Systemic risk is risk to the “system” in some way. In the financial services world, it is often defined in one of two ways:
- The risk of contagion, where failure of an entity leads to distress or failures of others [micro prudential]
- The risk of an event that can trigger serious consequences for the real economy. [macro prudential]
If you are a narrowly focussed prudential regulator, you might be concerned with the micro-prudential view. After the Global Financial Crisis acted as a reminder of the Great Depression, the impact on the real economy of failures within the financial sector now cannot be ignored.

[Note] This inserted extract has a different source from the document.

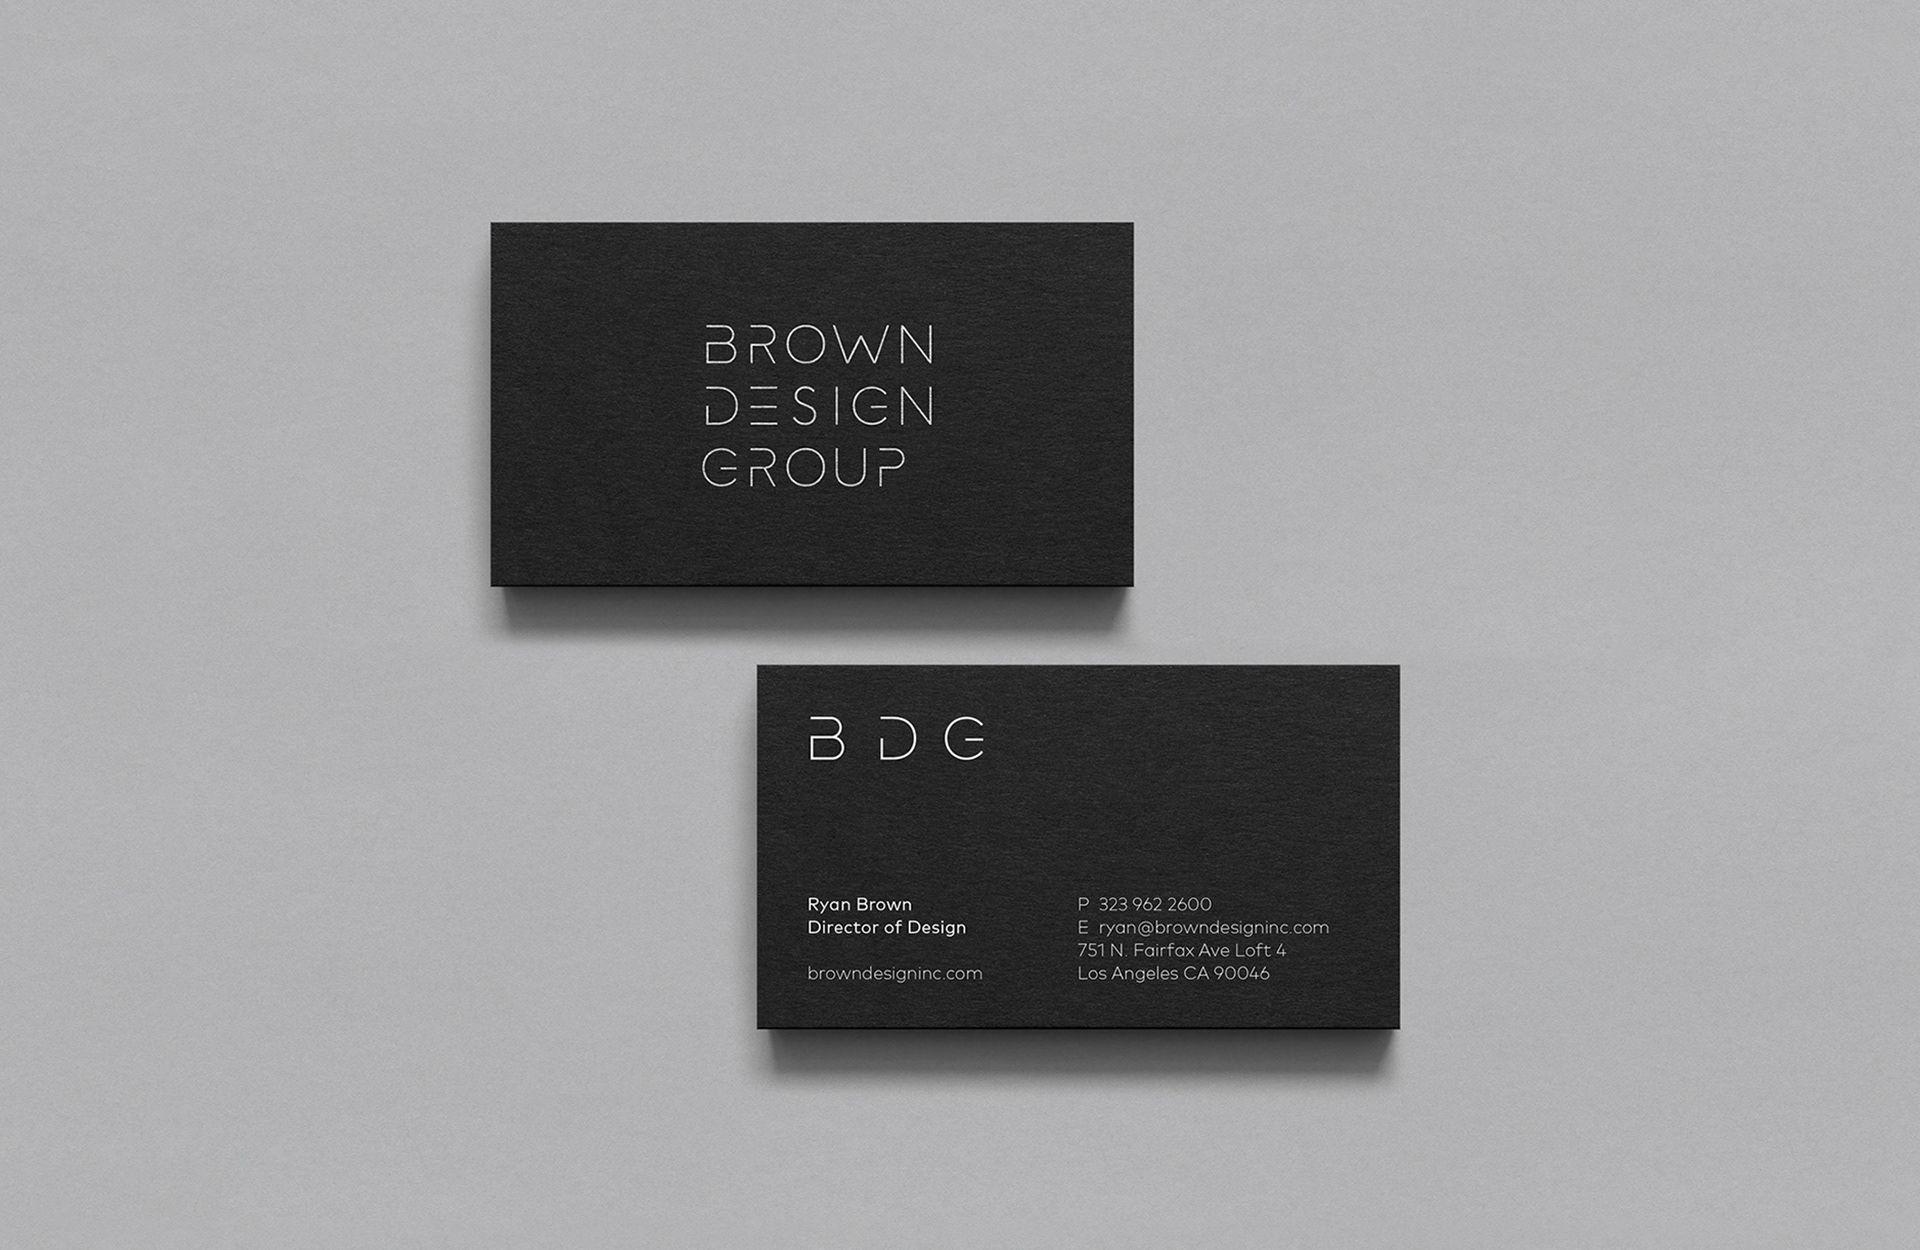 Brown Design Group On Behance Interior Design And Build Design Build Firm Building Design

Individual entities can fail and, possibly, be well managed through their failure to limit the financial impact on customers. The failure of several entities could similarly be limited in the breadth of its impact. Mass job losses, decline in GDP, failure of businesses outside the financial sector and other leakage into the real economy has costs measured as percentage of GDP foregone, likely over several years. Inevitably this a much larger hit than the failure of even several entities.
I don’t view this as a choice, either the micro view or the macro view. The failure of several entities is more likely to drive real economy effects. As I’ll discuss when in a later post when I talk about “Tsunamis”, no individual entity has to fail for their to real economy implications. Similarly, the failure of several financial services entities that doesn’t have significant real economy impacts is clearly undesirable.
The most useful view is of both of these as systemic risks and outcomes to be avoided.